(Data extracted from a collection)
****

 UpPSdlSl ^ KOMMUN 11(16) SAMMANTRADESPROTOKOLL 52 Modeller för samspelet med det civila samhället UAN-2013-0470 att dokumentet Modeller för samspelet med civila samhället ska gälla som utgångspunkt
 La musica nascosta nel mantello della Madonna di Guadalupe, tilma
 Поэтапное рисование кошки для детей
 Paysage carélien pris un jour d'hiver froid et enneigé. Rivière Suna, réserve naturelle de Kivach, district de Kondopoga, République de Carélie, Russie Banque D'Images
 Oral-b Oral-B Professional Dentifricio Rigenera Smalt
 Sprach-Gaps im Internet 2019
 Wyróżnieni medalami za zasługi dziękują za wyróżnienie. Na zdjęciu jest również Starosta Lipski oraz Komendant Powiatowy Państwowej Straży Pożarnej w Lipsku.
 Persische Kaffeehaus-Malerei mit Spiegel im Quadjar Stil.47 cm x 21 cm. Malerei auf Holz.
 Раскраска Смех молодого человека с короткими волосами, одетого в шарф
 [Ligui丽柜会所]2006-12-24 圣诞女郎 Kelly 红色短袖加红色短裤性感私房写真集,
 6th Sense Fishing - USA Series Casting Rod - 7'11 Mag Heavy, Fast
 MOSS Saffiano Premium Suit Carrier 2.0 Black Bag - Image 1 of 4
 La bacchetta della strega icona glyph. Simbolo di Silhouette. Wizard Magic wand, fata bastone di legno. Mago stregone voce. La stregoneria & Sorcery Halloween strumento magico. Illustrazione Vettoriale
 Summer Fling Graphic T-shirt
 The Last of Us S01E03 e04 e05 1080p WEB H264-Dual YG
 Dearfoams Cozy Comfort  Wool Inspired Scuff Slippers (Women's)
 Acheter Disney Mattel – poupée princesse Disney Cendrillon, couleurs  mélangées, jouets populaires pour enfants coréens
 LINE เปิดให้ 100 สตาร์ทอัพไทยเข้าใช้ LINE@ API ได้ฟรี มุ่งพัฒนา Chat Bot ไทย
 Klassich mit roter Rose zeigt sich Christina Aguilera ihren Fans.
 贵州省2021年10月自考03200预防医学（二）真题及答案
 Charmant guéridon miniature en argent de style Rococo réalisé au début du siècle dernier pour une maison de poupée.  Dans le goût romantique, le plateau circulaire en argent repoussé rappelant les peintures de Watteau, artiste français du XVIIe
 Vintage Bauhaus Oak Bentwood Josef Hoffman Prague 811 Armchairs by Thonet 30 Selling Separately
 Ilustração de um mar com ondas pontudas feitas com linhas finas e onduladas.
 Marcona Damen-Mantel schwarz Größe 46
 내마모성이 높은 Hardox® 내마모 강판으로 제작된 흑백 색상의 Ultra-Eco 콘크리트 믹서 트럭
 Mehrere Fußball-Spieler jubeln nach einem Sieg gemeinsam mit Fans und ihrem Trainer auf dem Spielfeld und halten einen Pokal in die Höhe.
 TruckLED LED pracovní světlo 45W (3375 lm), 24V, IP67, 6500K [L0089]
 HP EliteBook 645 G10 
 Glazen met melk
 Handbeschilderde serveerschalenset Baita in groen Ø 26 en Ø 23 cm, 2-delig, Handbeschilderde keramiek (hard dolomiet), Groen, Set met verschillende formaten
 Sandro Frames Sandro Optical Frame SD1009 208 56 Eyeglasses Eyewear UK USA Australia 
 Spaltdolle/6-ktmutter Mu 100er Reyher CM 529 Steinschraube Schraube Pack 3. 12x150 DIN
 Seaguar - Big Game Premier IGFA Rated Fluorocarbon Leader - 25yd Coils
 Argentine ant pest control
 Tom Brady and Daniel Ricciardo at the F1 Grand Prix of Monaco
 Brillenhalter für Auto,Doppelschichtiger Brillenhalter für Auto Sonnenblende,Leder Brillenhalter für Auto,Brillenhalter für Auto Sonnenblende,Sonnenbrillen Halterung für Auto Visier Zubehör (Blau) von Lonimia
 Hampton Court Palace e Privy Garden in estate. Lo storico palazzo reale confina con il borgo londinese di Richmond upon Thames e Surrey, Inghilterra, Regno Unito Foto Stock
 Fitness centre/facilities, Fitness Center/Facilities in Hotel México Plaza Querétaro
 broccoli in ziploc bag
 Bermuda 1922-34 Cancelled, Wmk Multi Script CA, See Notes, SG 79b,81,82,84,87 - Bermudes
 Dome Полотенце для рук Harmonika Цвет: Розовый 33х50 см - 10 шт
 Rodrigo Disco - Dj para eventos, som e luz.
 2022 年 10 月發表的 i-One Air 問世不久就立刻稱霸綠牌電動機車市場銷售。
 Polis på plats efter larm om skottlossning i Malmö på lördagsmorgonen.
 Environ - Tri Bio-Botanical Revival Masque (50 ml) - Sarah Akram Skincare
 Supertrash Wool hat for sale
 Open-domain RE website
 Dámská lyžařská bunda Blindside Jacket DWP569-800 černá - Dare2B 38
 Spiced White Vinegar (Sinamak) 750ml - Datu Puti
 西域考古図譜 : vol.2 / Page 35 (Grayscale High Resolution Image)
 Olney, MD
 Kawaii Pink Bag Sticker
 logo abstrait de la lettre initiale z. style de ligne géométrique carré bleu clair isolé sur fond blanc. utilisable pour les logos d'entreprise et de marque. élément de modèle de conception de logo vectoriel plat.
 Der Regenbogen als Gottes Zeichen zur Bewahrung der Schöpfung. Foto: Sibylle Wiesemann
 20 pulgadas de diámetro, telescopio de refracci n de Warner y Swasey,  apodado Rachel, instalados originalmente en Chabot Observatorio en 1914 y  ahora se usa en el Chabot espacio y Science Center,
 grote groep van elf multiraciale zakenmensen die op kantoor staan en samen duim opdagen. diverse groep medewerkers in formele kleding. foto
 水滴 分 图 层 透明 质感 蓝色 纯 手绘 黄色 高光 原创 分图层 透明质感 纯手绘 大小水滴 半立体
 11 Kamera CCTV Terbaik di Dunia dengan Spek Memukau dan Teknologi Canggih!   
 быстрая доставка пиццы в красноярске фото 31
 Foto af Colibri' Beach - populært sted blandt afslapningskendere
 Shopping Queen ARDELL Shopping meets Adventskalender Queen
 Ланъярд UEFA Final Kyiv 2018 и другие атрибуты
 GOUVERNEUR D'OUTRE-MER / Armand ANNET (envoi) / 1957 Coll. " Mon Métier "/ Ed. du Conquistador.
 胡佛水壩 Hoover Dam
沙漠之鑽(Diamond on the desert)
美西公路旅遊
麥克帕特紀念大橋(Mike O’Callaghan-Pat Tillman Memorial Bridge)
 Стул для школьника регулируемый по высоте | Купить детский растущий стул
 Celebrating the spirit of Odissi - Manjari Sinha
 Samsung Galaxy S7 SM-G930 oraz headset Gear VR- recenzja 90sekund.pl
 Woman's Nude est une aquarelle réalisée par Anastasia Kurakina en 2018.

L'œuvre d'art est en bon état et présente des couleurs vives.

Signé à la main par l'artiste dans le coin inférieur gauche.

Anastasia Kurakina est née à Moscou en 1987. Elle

****

Take the lines above from the one containing "La bacchetta della" down to the one containing "Marcona Damen-Mantel schwarz Größe 46", and transcribe them exactly, both ends included.

- _TASK ANSWER_
 La bacchetta della strega icona glyph. Simbolo di Silhouette. Wizard Magic wand, fata bastone di legno. Mago stregone voce. La stregoneria & Sorcery Halloween strumento magico. Illustrazione Vettoriale
 Summer Fling Graphic T-shirt
 The Last of Us S01E03 e04 e05 1080p WEB H264-Dual YG
 Dearfoams Cozy Comfort  Wool Inspired Scuff Slippers (Women's)
 Acheter Disney Mattel – poupée princesse Disney Cendrillon, couleurs  mélangées, jouets populaires pour enfants coréens
 LINE เปิดให้ 100 สตาร์ทอัพไทยเข้าใช้ LINE@ API ได้ฟรี มุ่งพัฒนา Chat Bot ไทย
 Klassich mit roter Rose zeigt sich Christina Aguilera ihren Fans.
 贵州省2021年10月自考03200预防医学（二）真题及答案
 Charmant guéridon miniature en argent de style Rococo réalisé au début du siècle dernier pour une maison de poupée.  Dans le goût romantique, le plateau circulaire en argent repoussé rappelant les peintures de Watteau, artiste français du XVIIe
 Vintage Bauhaus Oak Bentwood Josef Hoffman Prague 811 Armchairs by Thonet 30 Selling Separately
 Ilustração de um mar com ondas pontudas feitas com linhas finas e onduladas.
 Marcona Damen-Mantel schwarz Größe 46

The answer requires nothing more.